Most investors have to face loss aversion in their own investment portfolios when they incur losses. For long term investments the best course of action is to stay invested through the ups and downs of markets. But what if an investment is short term or has a limited investment horizon and the remaining time is shorter than the time needed to recover?

Imagine that an investor has bought a specific stock with the intention of holding it for three years. In the first year, due to a string of bad news or a general market downturn, the share price falls by 20 percent. In order to break even after three years, the stock needs to have an average return of 12.5 percent per year over the remaining two years or even higher if the investor wants to make a sizeable profit over the entire three-year holding period. In many cases, stocks that have declined significantly are unlikely to recover over a short time, yet most investors refuse to sell a stock with a 20 percent loss or more. Instead they tend to hold on to it, and what started out as a short-term investment is mentally turned into a "long-term investment."

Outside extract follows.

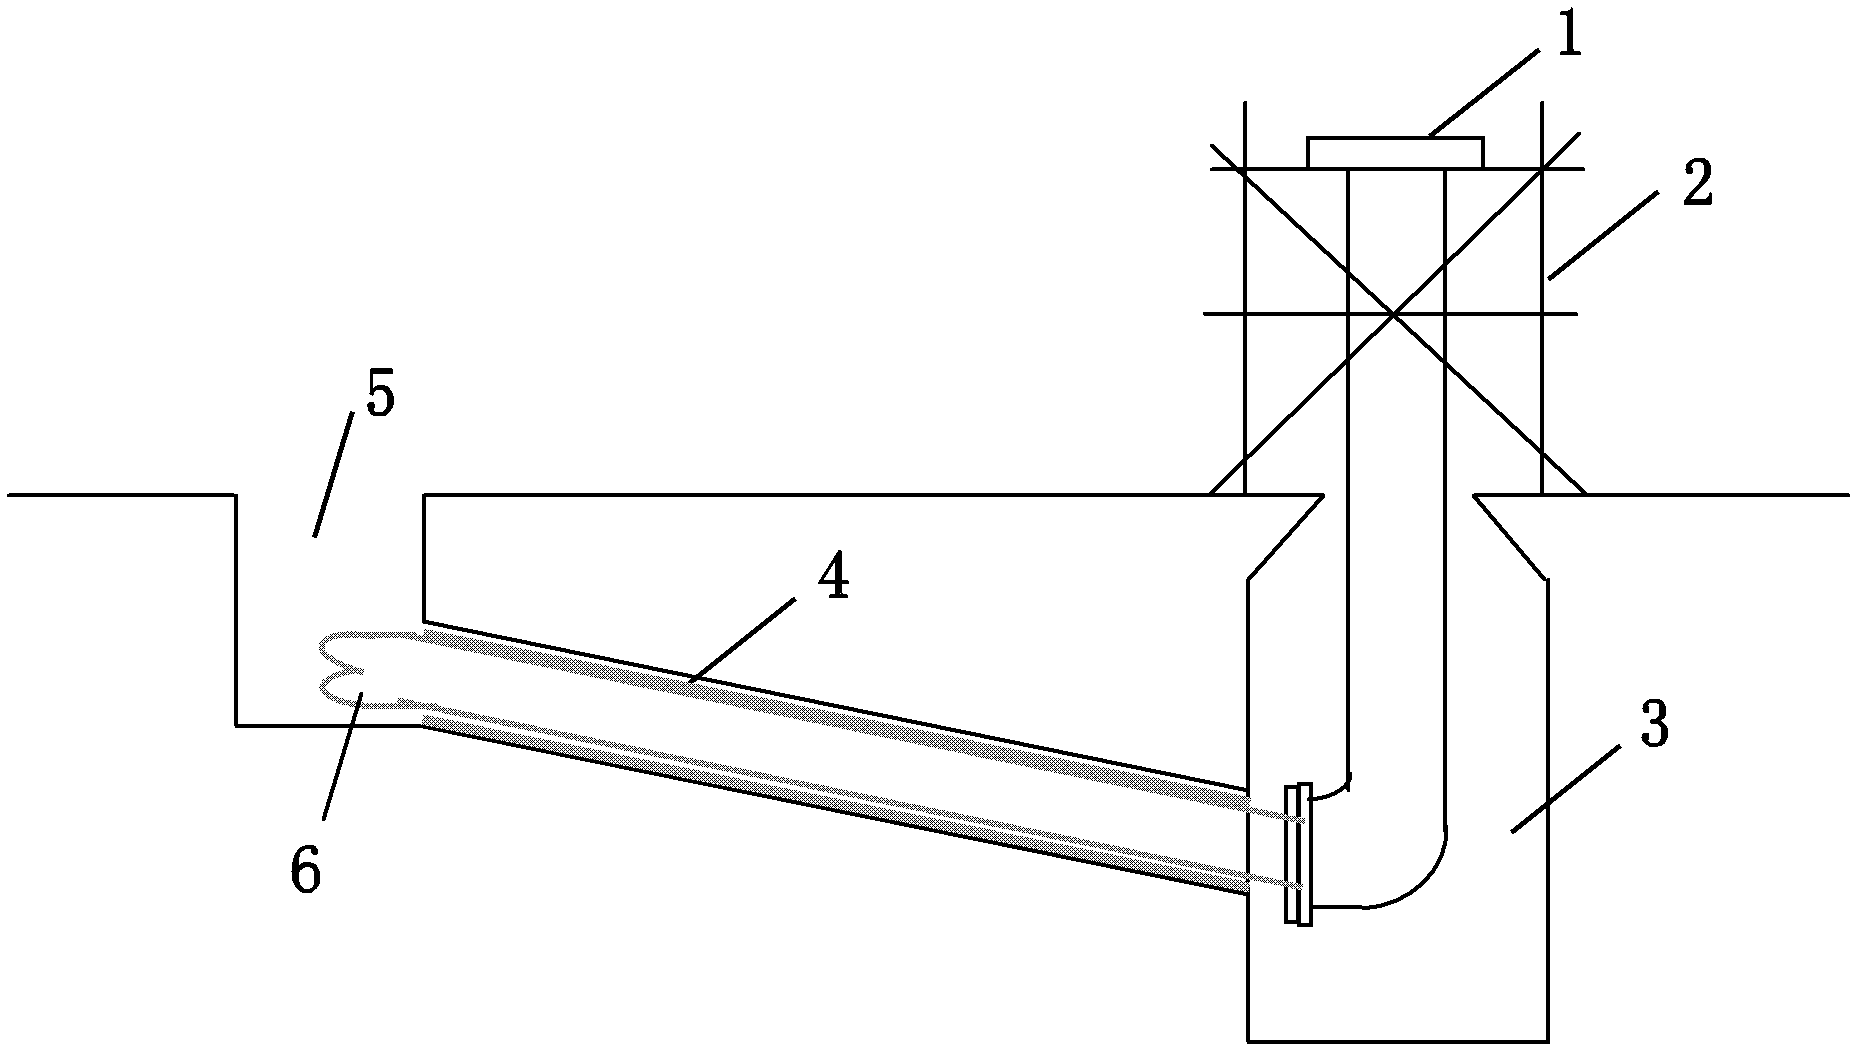 A non-excavation lining repair method for the repair of drainage branch pipes under urban roads

Investors who bought technology stocks in the late 1990s or financial stocks in 2007 experienced losses that were much higher than the 20 percent given in the example above, but their loss aversion made them hold on to these stocks even though they originally had no intention of staying invested in these stocks for many years or even decades.

The Upside of Losses

Loss aversion leads investors to hold on to losing investments for far too long even if there is an incentive to sell losing investments. In the US and other countries, investors can use realized losses from one investment to offset and reduce capital gains taxes from other investments. This tax incentive gives rise to so-called tax-loss harvesting strategies that can help reduce tax burdens and increase after-tax returns.

Yet, loss aversion can be so strong that many investors prefer to hold on to losing investments instead of reducing their tax load. In a study of 10,000 brokerage accounts in the US, Terrence Odean found that individual investors are almost twice as likely to sell a stock that has a profit than to sell a stock that has suffered a loss. This leads to an average investment period of 124 days for losing stocks compared to 104 days for winning stocks for these short-term investments. As, in the short run, momentum effects imply that losing stocks will continue to decline in price while winning stocks will continue to rise, this leads to a significant underperformance of individual investor portfolios.